Temperatures in the mountains on Friday will rise into the 20s and drop to the teens Friday night. Another 1 to 4 inches of snow could fall Friday.

Denver International Airport officials said more than 2 inches of snow hit the airport overnight and another 3 inches is expected by Saturday morning. By 7 a.m. Friday, the snow had "pushed east of DIA" and dry conditions were expected through late afternoon Friday.

The Denver airport had to cancel about 45 flights for Friday because of the weather. Passengers whose flights are still scheduled might experience some extra time on the tarmac for deicing, officials said.

A winter storm warning remains in effect Friday for the high country from Steamboat Springs to Aspen south to Telluride.

Preliminary snowfall reports on Friday include more than 2 feet in Leadville, 21 inches near Breckenridge, 19 near Dillon, 18 near Fraser and 16 near Frisco. The Front Range saw a range of 3 to 7 inches.

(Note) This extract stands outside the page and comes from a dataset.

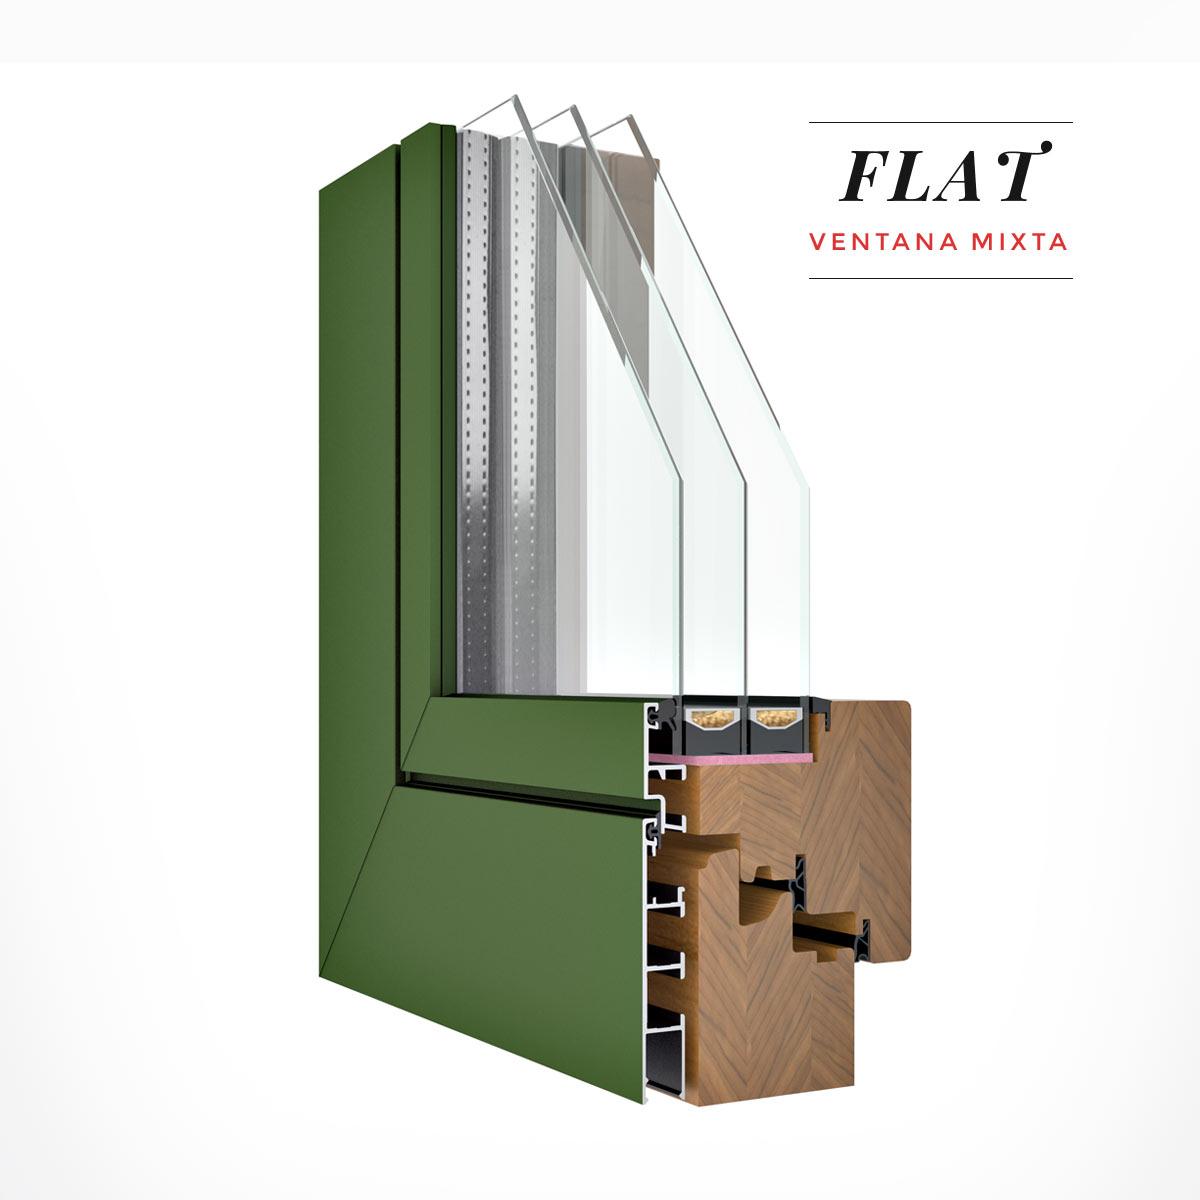 Carreté Finestres - finestra mixta Flat de fusta i alumini amb triple junta de goma

CBS Denver is reporting that no one was hurt in the Leadville roof building collapse. The building was vacant on Harrison Avenue and is now closed until engineers check buildings nearby, according to CBS Denver.

Thursday's high of 46 degrees is the warmest weather Colorado Springs residents will see until at least the middle of next week, according to National Weather forecasts. Friday's high is forecasted to be around 28 degrees.

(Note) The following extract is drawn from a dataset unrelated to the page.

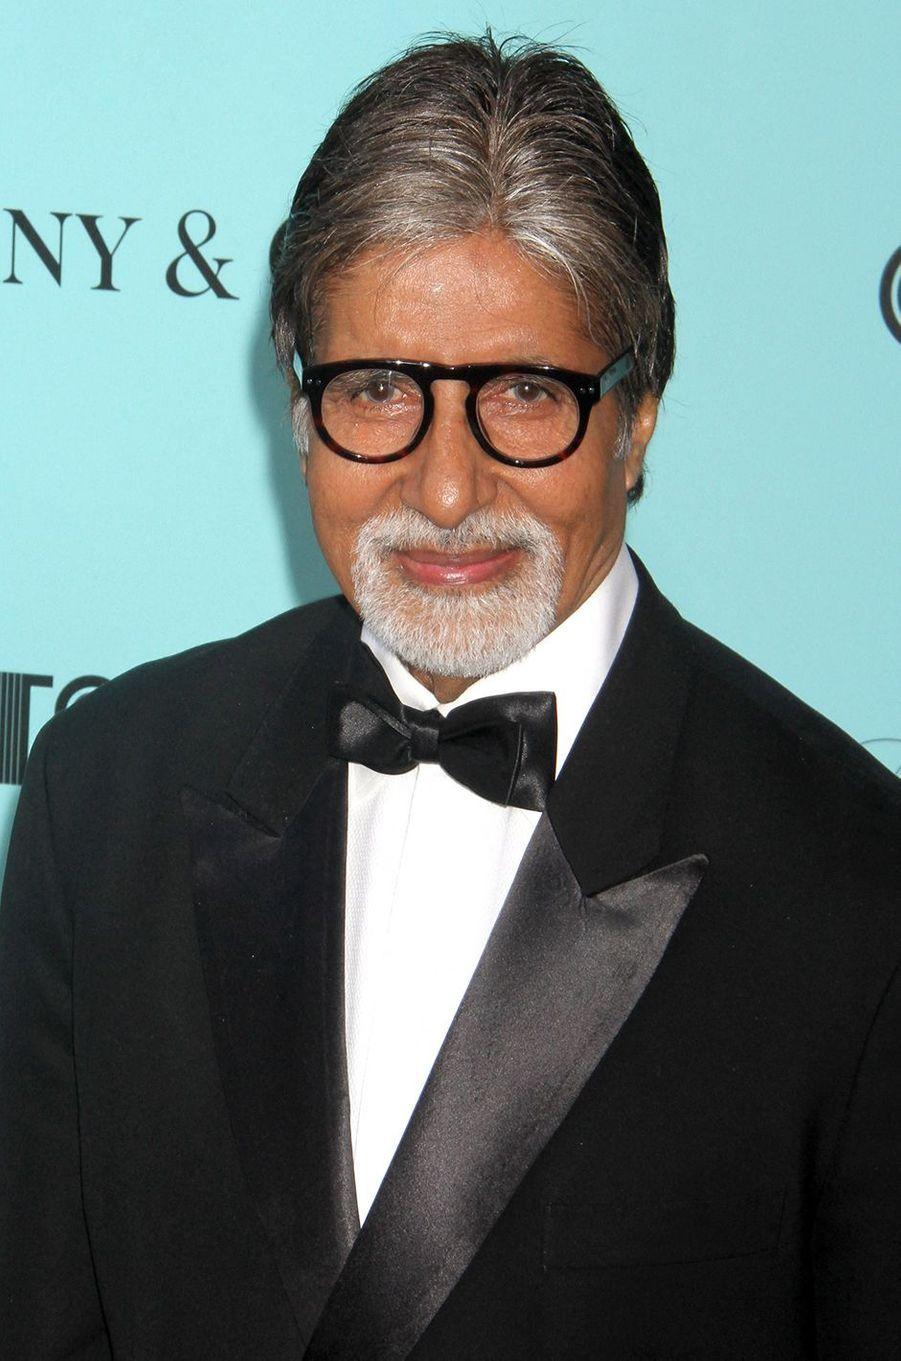 Tendances monde (3e) : Amitabh Bachchan figure dans le Top 10 des acteurs les plus recherchés sur Google en 2020

January is typically a dryer month for the state and for the region, and this weekend's snowfall is slightly outside of what's normal, said Kathy Torgerson, a meteorologist with the National Weather Service.

"We're getting one storm after the other, but it's what we need at this time of the year," she said.

This weekend, Colorado Springs is forecasted to see only a small amount of what forecasters predict will be dumped in different areas across the state, and what has already fallen in the mountains.

Northeastern Colorado was under a winter warning from 5 p.m. Thursday through 6 a.m. Friday, according to the National Weather Service. Up to 15 inches of snow was possible in Denver.

Multiple accidents shut down eastbound Interstate 70 from Vail around 5 p.m. Thursday and US 50 at Monarch Pass was closed Thursday about 7 p.m. due to adverse conditions, according to the Colorado Department of Transportation.

A winter storm warning remained in effect Thursday through 5 a.m. Friday for the north and central mountains, which were pounded with snow Thursday.

They wouldn't be seeing too much of a break during this long-duration storm system, Torgerson said.

"A strong moist jet stream coming off the Pacific is shoving all this moisture into the mountains and the Continental Divide," she said.

The Colorado Avalanche Information Center reported high avalanche warnings in the Front Range until 12:30 p.m. Friday.

When a significant amount of fresh snow falls over snow that has iced over from a cycle of warm and cold weather, it creates instability between the layers, Torgerson said.

On Thursday evening, an avalanche warning was issued for Pikes Peak. While snow was not expected to start falling until after 3 a.m., Fort Carson officials announced "Red status" weather conditions all day Friday. Only mission essential personnel were required to report to base before 9 a.m.

CDOT reported scattered snow showers and wet roads on Interstate 25 south of Denver to Pueblo Thursday evening. Icy spots were reported I-25 north of Denver. There were no closures or accidents reported as of 7 p.m.

The Associated Press and Denver Post contributed to this story.